I know we’re surrounded by the trigger-happy. So, who has wiped out whom now?

Well, the cleansing we’re discussing here doesn’t involve guns. And the guilty includes you and I.


I mean, humans as a whole.

I’m curious .

A new study says the world is experiencing the ‘sixth great extinction’ of the animal species thanks to, mainly, human activities.


Yes. The 4.5-billion-year history of our humble planet is dotted with periods when species have died en masse. The first one occurred 443 million years ago; End-Ordovician. Next came Late Devonian, 360 million years ago. The third phase of doom was the Permian-Triassic mass extinction, some 250 million years ago. The fourth, Triassic-Jurassic mass extinction, hit us about 200 million years ago, while the fifth, in which we lost the dinosaurs, came just about 65 million years ago. This last one was called Cretaceous-Tertiary mass extinction.

Scary! So, what makes you think we are reaching the sixth round?

The new study, Accelerated modern human-induced species losses: Entering the sixth mass extinction , which was published in the journal Science Advances a few days ago, says under a ‘natural’ rate of extinction, two species in 10,000 disappear every 100 years. But the modern rates of extinction will scare the hell out of you — these were 8 to 100 times higher, according to the study by Gerardo Caballos and his colleagues at the National Autonomous University of Mexico.

Oh dear!

In sum, 477 ‘vertebrates’ (mammals, birds, reptiles, amphibians and fish) have gone extinct since 1900, instead of the 9 on a natural course. Examples of the species that bid adieu forever include the beautiful Yangtze dolphin and the Costa Rica golden toad.

And we facilitated this exodus?


How did we manage that? Was this a necessary evil?

To claim that offers us an undeserved bailout. We literally destroyed our way into this situation. Humans invaded habitats and introduced practices that were totally opposed to nature’s ways, creating a recipe for disaster.

Scientists have been warning about this for quite long now, but global policymakers are yet to come up with any serious, collective action plan to check the pace of specious extinction. Even climate change, one of the most critical crises the planet faces today, is not finding the kind of response it deserves, as you may have noticed already.

That’s exactly what Pope Francis said last week.

Yes. The Pope has warned of an “unprecedented destruction of ecosystems” and “serious consequences for all of us” if we do not act on climate change. Interestingly, the Science Advances papers came out just a day after the Vatican released the Catholic pontiff’s encyclical on the environment.

God help us!

Like he did in the past five episodes of extinction? Anyway, the Mexican scientists say theirs is a very conservative number. Which means they have taken only the most plausible scenarios into account, such as habitat loss, predation, pollution.

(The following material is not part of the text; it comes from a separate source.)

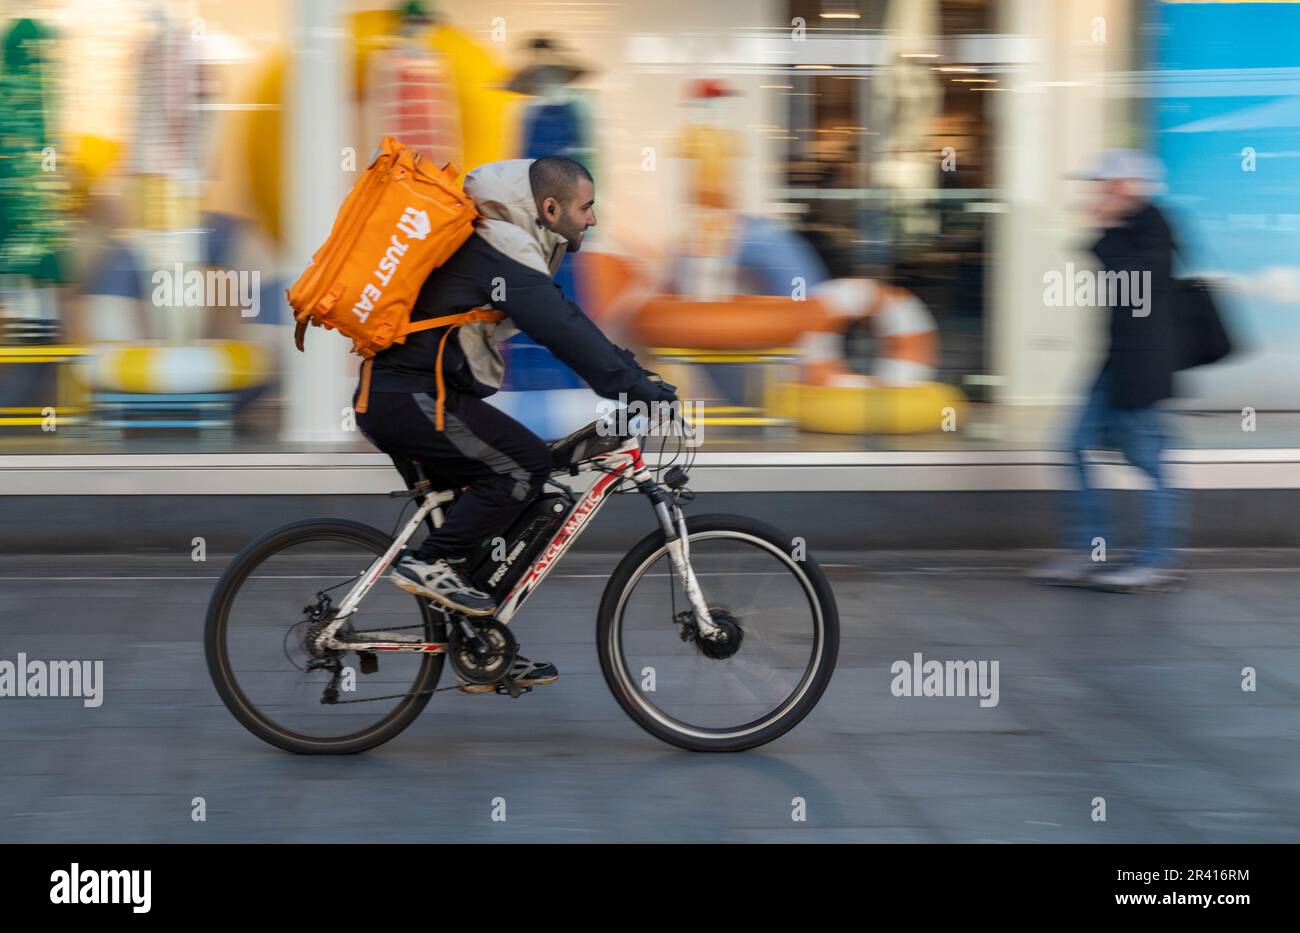 Just Eat bike delivery man in Liverpool Stock Photo

They do not consider, for instance, the effects of global warming or ocean acidification. Once the effects of these catastrophic events start kicking in, the numbers will be much higher. And this is what makes the impending sixth extinction a uniquely human contribution. It’s a crisis, fully man-made.

So, what’s the way out?

Well, you know it — it’s so simple it’s a cliché: minimum interference with the ways of nature.